Nimble-footed mouse
- Conservation status: Least Concern (IUCN 3.1)

Scientific classification
- Kingdom: Animalia
- Phylum: Chordata
- Class: Mammalia
- Order: Rodentia
- Family: Cricetidae
- Subfamily: Neotominae
- Genus: Peromyscus
- Species: P. levipes
- Binomial name: Peromyscus levipes Merriam, 1898

= Nimble-footed mouse =

- Genus: Peromyscus
- Species: levipes
- Authority: Merriam, 1898
- Conservation status: LC

Species of rodent

The nimble-footed mouse (Peromyscus levipes) is a species of rodent in the family Cricetidae. It is a species of the genus Peromyscus, a closely related group of New World mice often called "deermice". It is endemic to Mexico.

==Description==
The nimble-footed mouse has a typical mouse-like appearance, and closely resembles other members of the Peromyscus boylii species group, from some of which it can only be distinguished by genetic analysis. It has tawny or buff fur over most of the body, with dusky hairs and white or creamy-white under parts. There is a ring of darker fur around the eyes, and sometimes on the muzzle, and often a faint blackish line down the middle of the back. Adults range from 18 to 22 cm in total length, a little over half of which consists of the tail, and weigh from 20 to 30 g.

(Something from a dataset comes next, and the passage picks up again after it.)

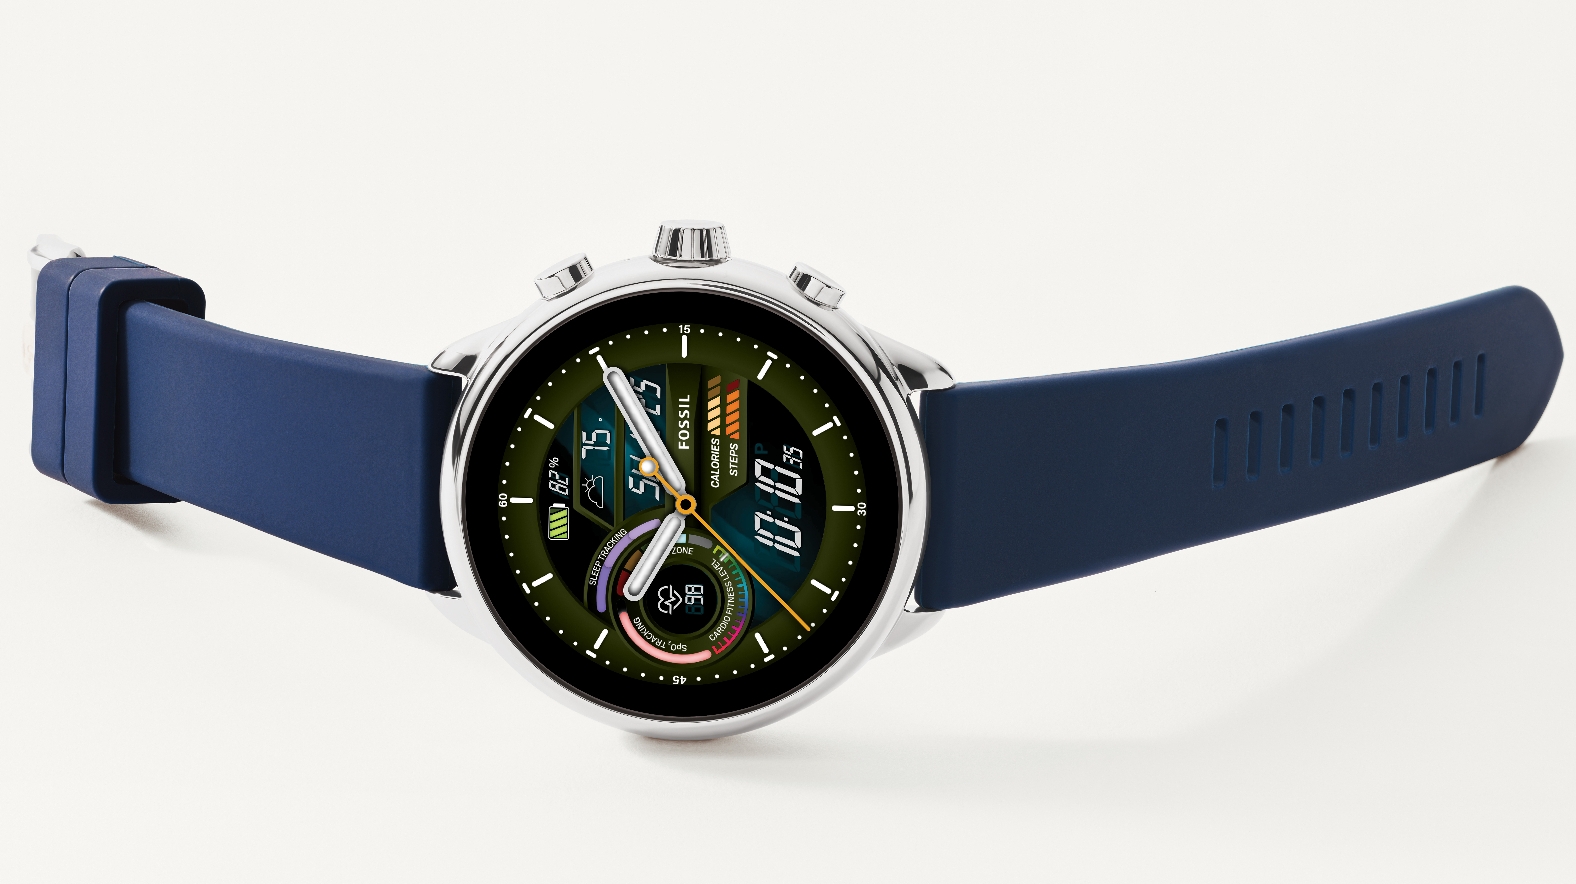 Fossil Gen 6 Wellness Edition Is the Next Wear OS 3 Smartwatch - CNET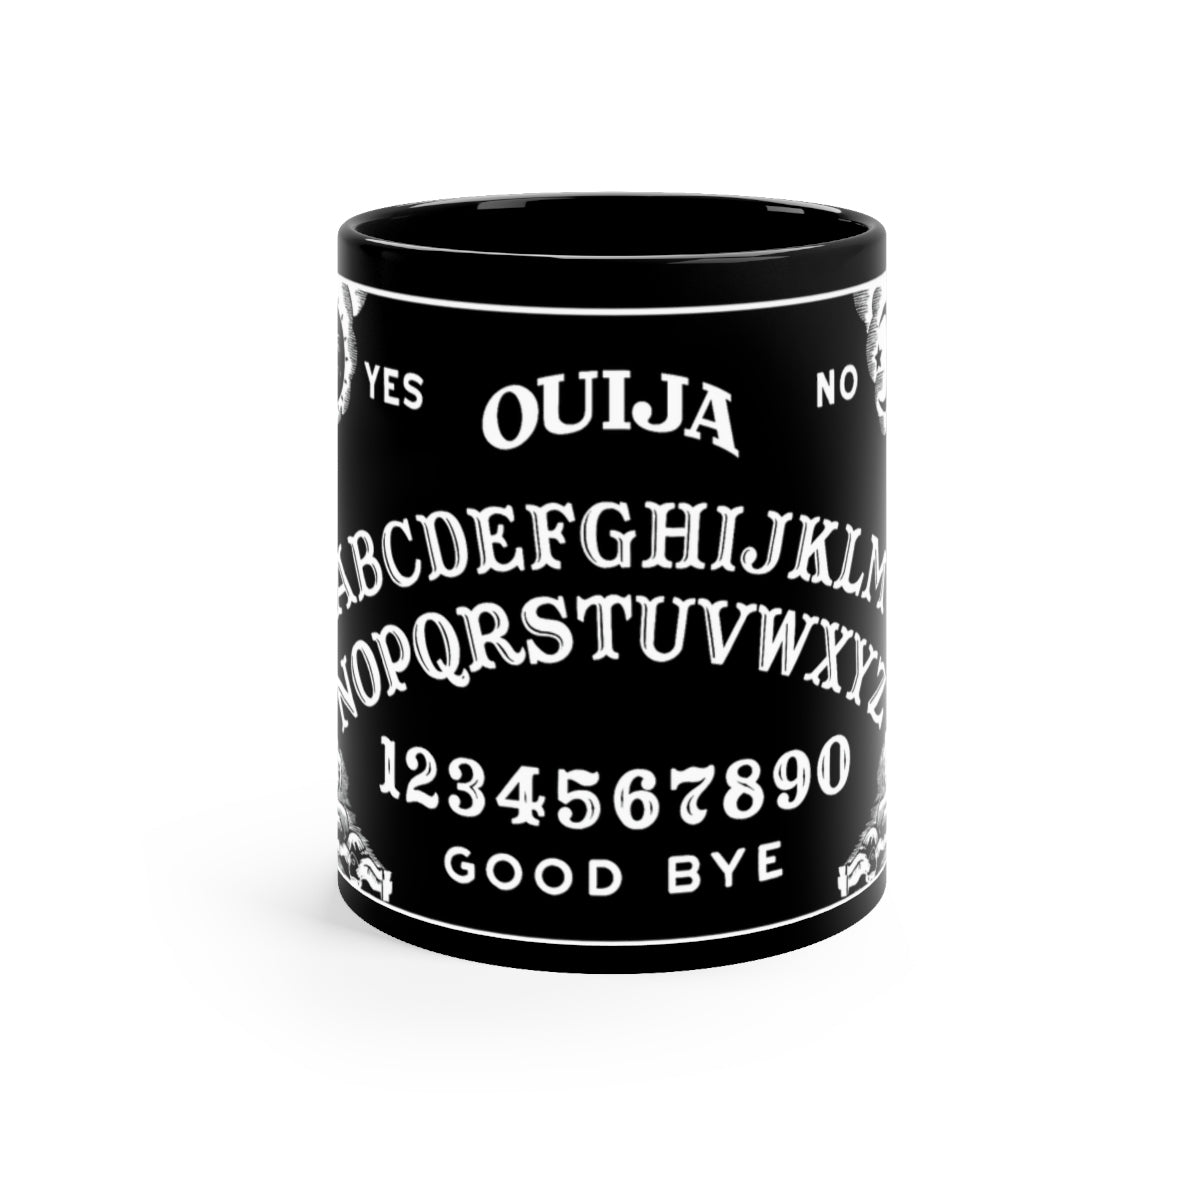 P&B Ouija Coffee Mug, 11oz Ceramic, Black Ouija Board, Dark Coffee Mug

==Distribution and habitat==
The nimble-footed mouse is found only in Mexico, where it inhabits the Sierra Madre Oriental mountains from Nuevo León in the north to Puebla in the south. It inhabits rocky areas such as bluffs and creeks within forests dominated by oak, pine, juniper, or sweet gum, as well as within cloud forests.

Two subspecies are currently recognised:
- P. l. levipes - majority of range
- P. l. ambiguus - Neuvo León and western Tamaulipas

==Biology==
Nimble-footed mice are herbivorous and are commonly found in areas dominated by trees, with a typical population density of 16 to 41 /ha. Known predators include barn owls and mottled owls. They breed two or three times a year, probably without any distinct breeding season.